"There's one thing to console you," she answered smartly and (in the light of later knowledge I am bound to add) wittily; "you aren't drawing a blank." And with this shaft she left me.
Now the girl's talk was nothing short of heathen Greek to me, as doubtless it is to the reader, and I sat for ten minutes at least digesting it with the aid of my grog. Here was Leggat, my quarry, identified with a Mr. Addison, incumbent or curate of a country parish within riding distance of Tregarrick. He was here to attend an auction. My thoughts flew to the bill I had been pretending to study half-an-hour before; but unfortunately I had given it no particular attention, and could only remember now that it advertised an estate of good acreage. The name "Welland," indeed, struck me as familiar, but I could not refer it to the bill, and must pull up for the moment and try a cast upon a fresh scent—Susie Martin. Mr. Addison, alias Leggat, is not likely to forbid her banns, whoever she may be; in other words, won't be sorry to see her married. And Susie is a servant—of a mistress who will probably be attending this auction—to look after a drunken husband, who presumably, therefore, is also concerned in the auction. I recalled the two faces at the upper window, the one tipsy and the other sad, and felt pretty sure of having fixed Susie's employers. I recalled the lady's start of terror as she had caught sight of the bald-headed man below, and that I had first seen the bald head behind the window out of which Leggat had looked a minute later. If the bald-headed man had been talking with Leggat, this might connect her terror with Leggat.

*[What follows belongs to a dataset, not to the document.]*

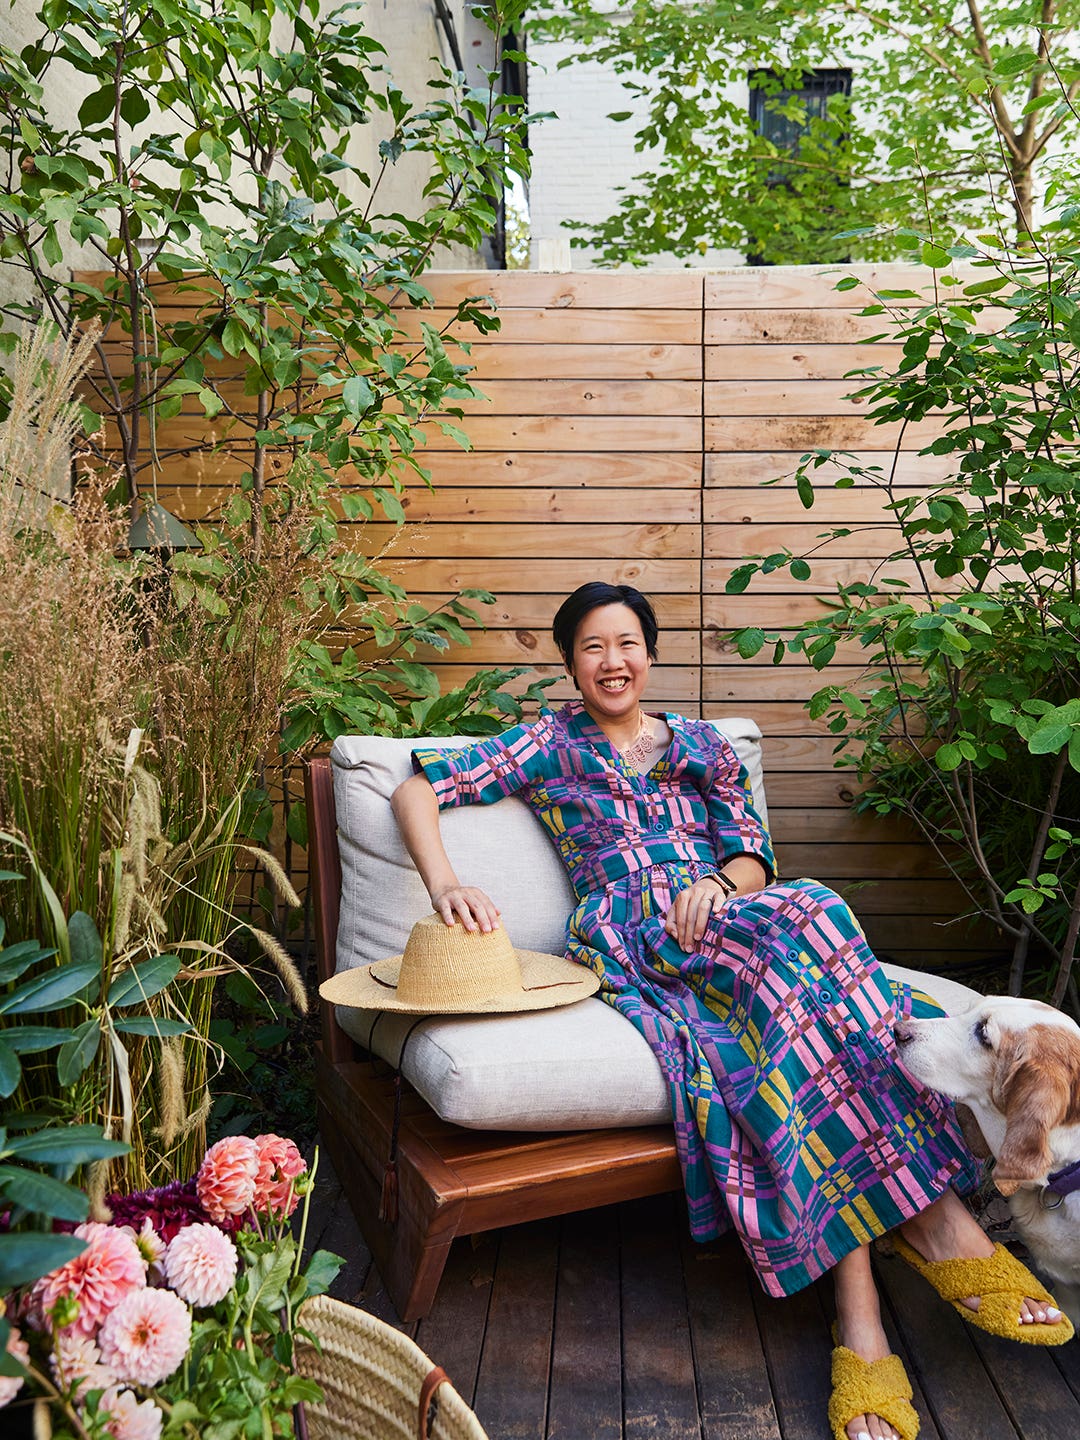 This Brownstone’s Backyard Welcomes Year-Round Foliage and Hides the Compost Bin

And both she and Leggat were to attend the auction. But what was this auction? And who the dickens was the bald-headed man?

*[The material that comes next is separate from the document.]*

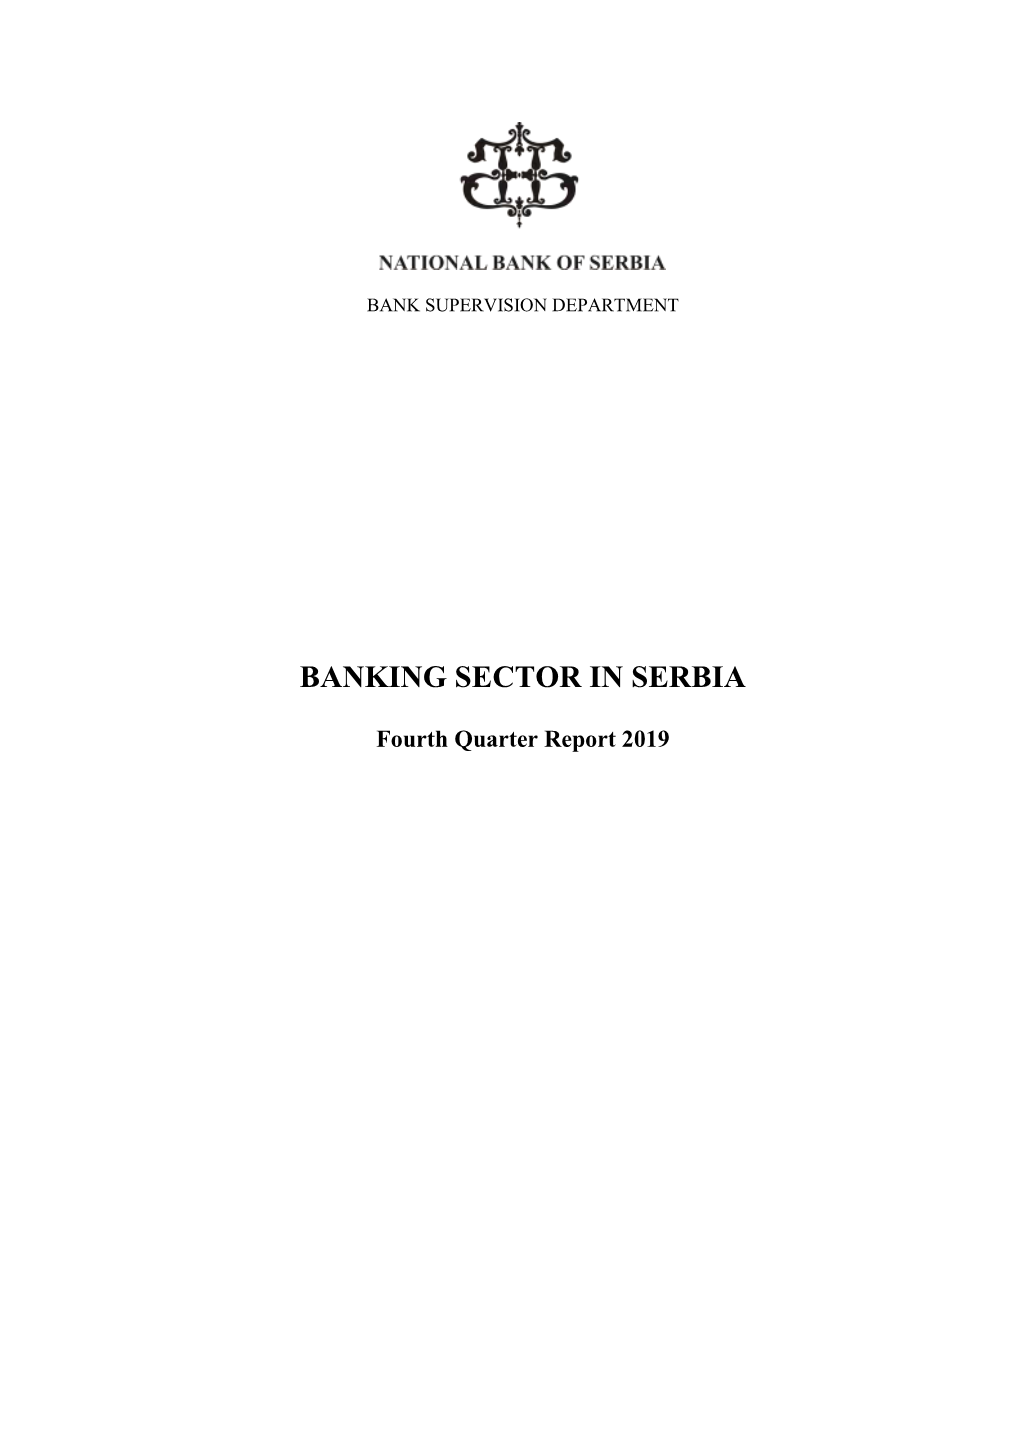 Banking Sector in Serbia

The tangle—as the reader will admit—was a complicated one. But so far fortune had served me fairly; and considering the adventure as a game, in my knowledge of Leggat and his ignorance of my being anywhere in the neighborhood, I still held the two best trumps. In speculating on the possible strength of these two cards a new opening occurred to me. I had come with the purpose of forcing Leggat to buy me off or admit me into his game. But might there not be more profit, as there would certainly be less risk, in taking a hand against him? I had no fancy for him as a partner. I knew him for an unhealthy villain, with an instinct for preying on the weak, a born enemy of widows and orphans. If only I could discover what the stakes were, and what cards the other side held! Well, but I could have a try for this, even. I could, for instance, apply to the squire for a job, and this might throw me in the way of Susie Martin.
I stepped to the baize door, and passed out upon the archway. Six yards to the right, the Boots, with his back to me, was fixing a ladder to climb it and light the great lantern over the entrance. To my left a broad staircase ran up into the darkness. I tip-toed towards it, gained the stairs, and mounted them swiftly, but without noise, guiding myself by the handrail.
The stairs ran up to the first floor in two flights, with a bend about half-way. At the top of the second flight I found myself facing a pitch-dark corridor. The rooms facing the street must (I knew) be on my right; but as I groped along, my palm found the recess of a doorway on my left, and pressed open the door which stood just ajar. I drew back and listened: then, hearing no sound, poked my head cautiously within.
The room was dark, but the glow of a dying fire at the farther end gave me some idea of its dimensions. A faint reflection of this glow fell upon the polished surface of something which I guessed to be a mahogany table-leg, and, after a second or two, I perceived, or thought I perceived, two heavily-curtained windows, reaching almost to the top of the wall opposite.
I was reconnoitring so, in the recess of the doorway, when I heard a low tapping far up the corridor, and withdrew my head in time to see a door open and the faint ray of a candle fall upon a figure standing there, about twenty yards from my hiding-place; the black-coated figure of Mark Leggat.
"Hullo!" I said to myself. "Now for Susie!"
It was not Susie, however, who stepped out and, closing the door behind her, confronted Leggat, candle in hand. It was the pale lady I had seen at the window.